I think she loved it [laughs] yeah when I when my milk came in and obviously because towards the end of my pregnancy I couldn't believe that she was still going because there was just nothing there but she would obviously get colostrum and she didn't nurse very long but she still came to me so she would have a few sucks and still kept the sucking action but she didn't really get a lot so once my milk came in, it was like, “Wow, look at this, this is great” and she actually, this is really funny, my mum, because towards the end of my fourth pregnancy I had to go into hospital a lot to be monitored so my mum had to have my daughter I think she had her for about three weeks, three days it was almost whole days by the time I got back and then my mum would say, “Oh I'll bring her back at three o'clock” so I had quite you know nearly the whole day without her and, so my mum had her and so my mum was used to picking her up and holding her a lot and carrying her around, when my daughter was born, and then mum had her and obviously continued to help me because it was school holiday and I had all of them off school, my mum came and helped me a lot and she said, “This child has put weight on” she put weight on because she'd had so much milk and she really filled out so [laughs] she piled the weight on as well, so it was like I was nurturing two of them they were both piling it on.
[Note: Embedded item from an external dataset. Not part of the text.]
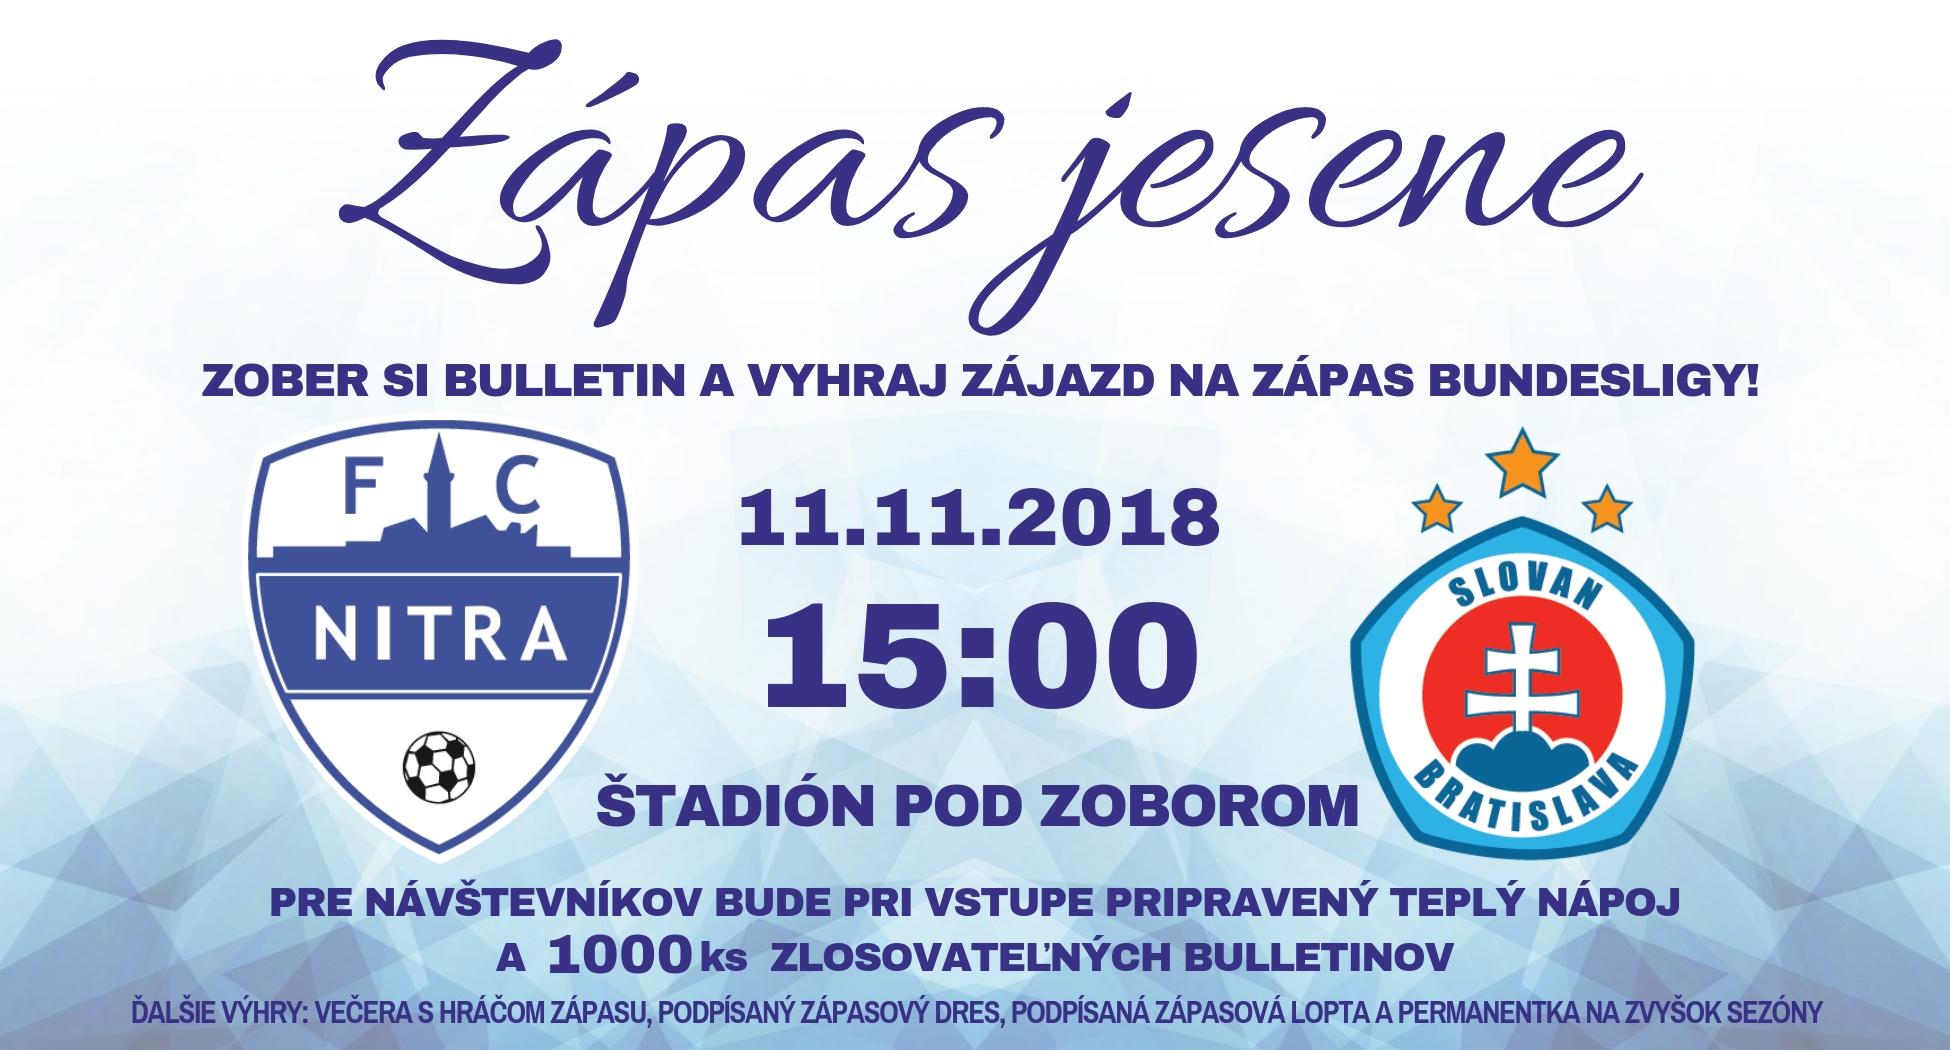 d6f60f43b9c2 Jesenný zápas futbalových titánov FC NITRA - Kam v meste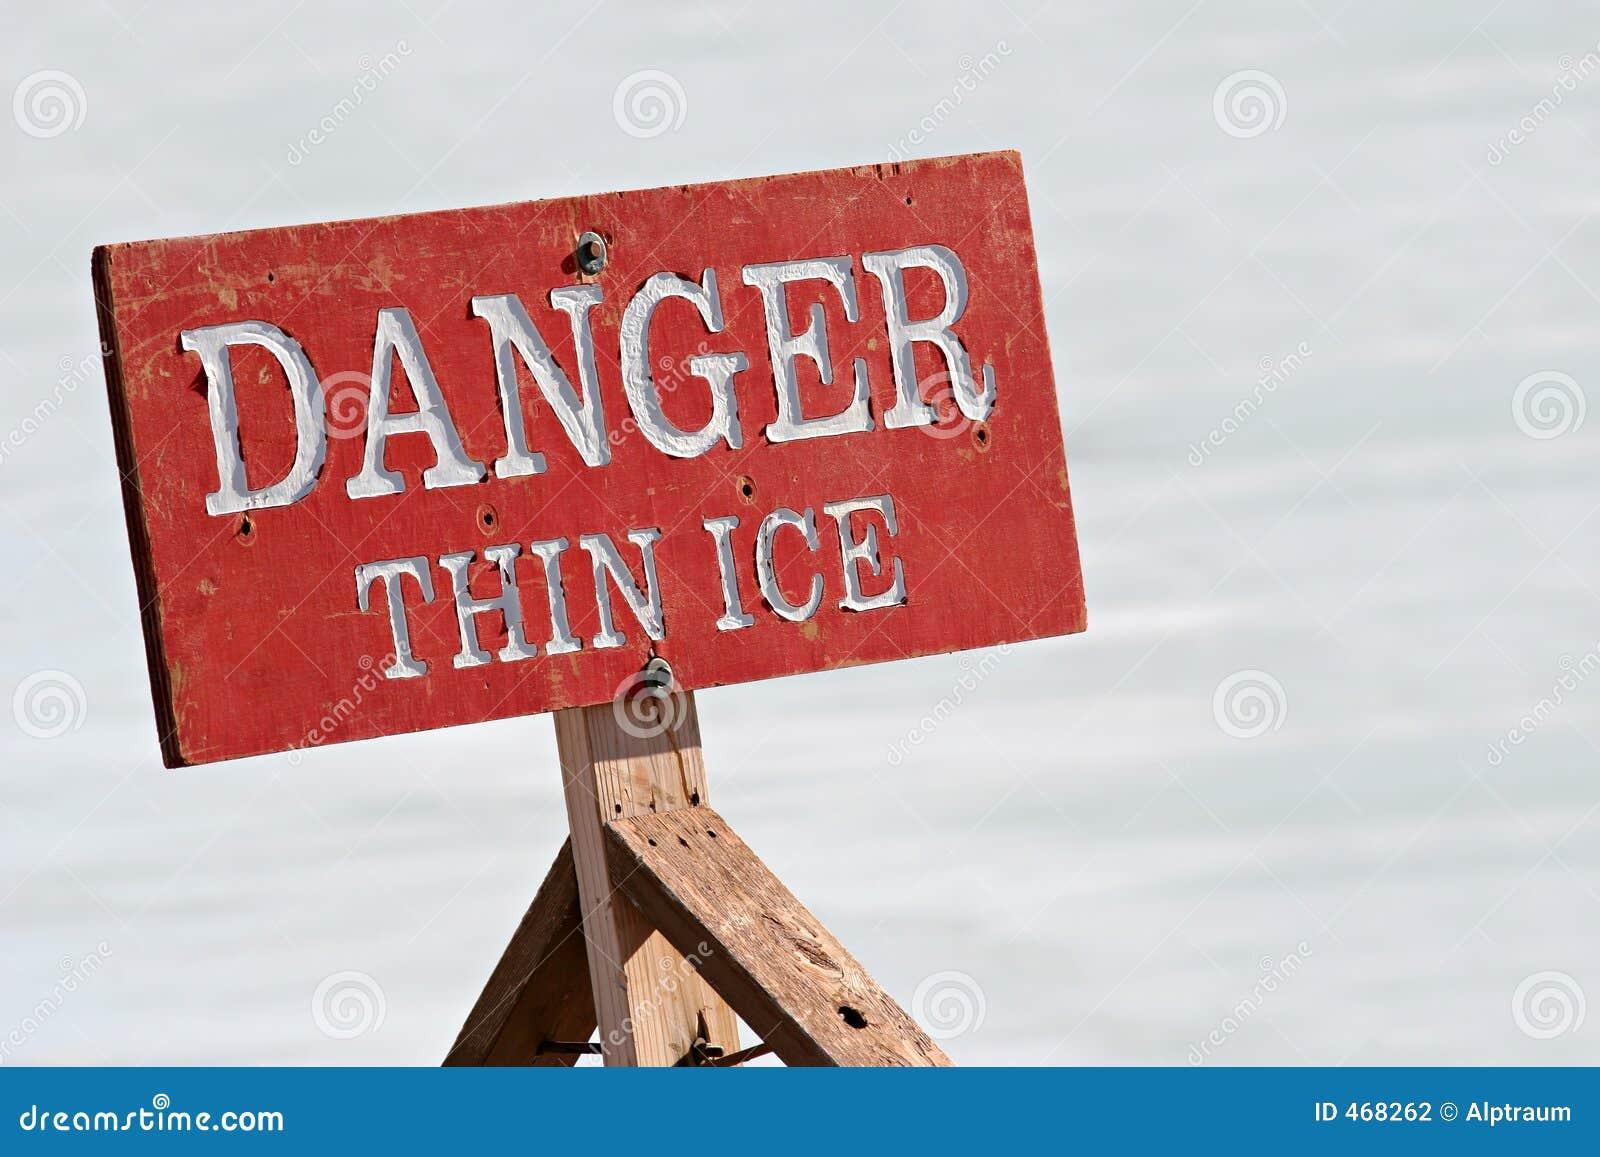 Het gevaar verdunt ijs

Was she old enough then to verbalise anything about it?

Yeah, she was two.

What sort of things did she say?

She used to call it mummy nilks I yeah, she was she used to know what it was called she used to have it's name and that's right yeah, when, because when the baby was born, she one of the things that she used to say, well we were, we couldn't believe when she was first born because I thought that she would be jealous of the fact that the baby was feeding, but every time if the baby cried or somebody had got the baby she would say, she was known as the baby as well because we didn't have a name for her for a while, “The baby needs a mummy, the baby needs a mummy, baby needs mummy” and then it would be, “baby needs mummy nilks, baby needs mummy nilks” so she was, you know, she knew that the baby needed mummy and she was never bothered by that at all [laughs] so she was always, always fine with it.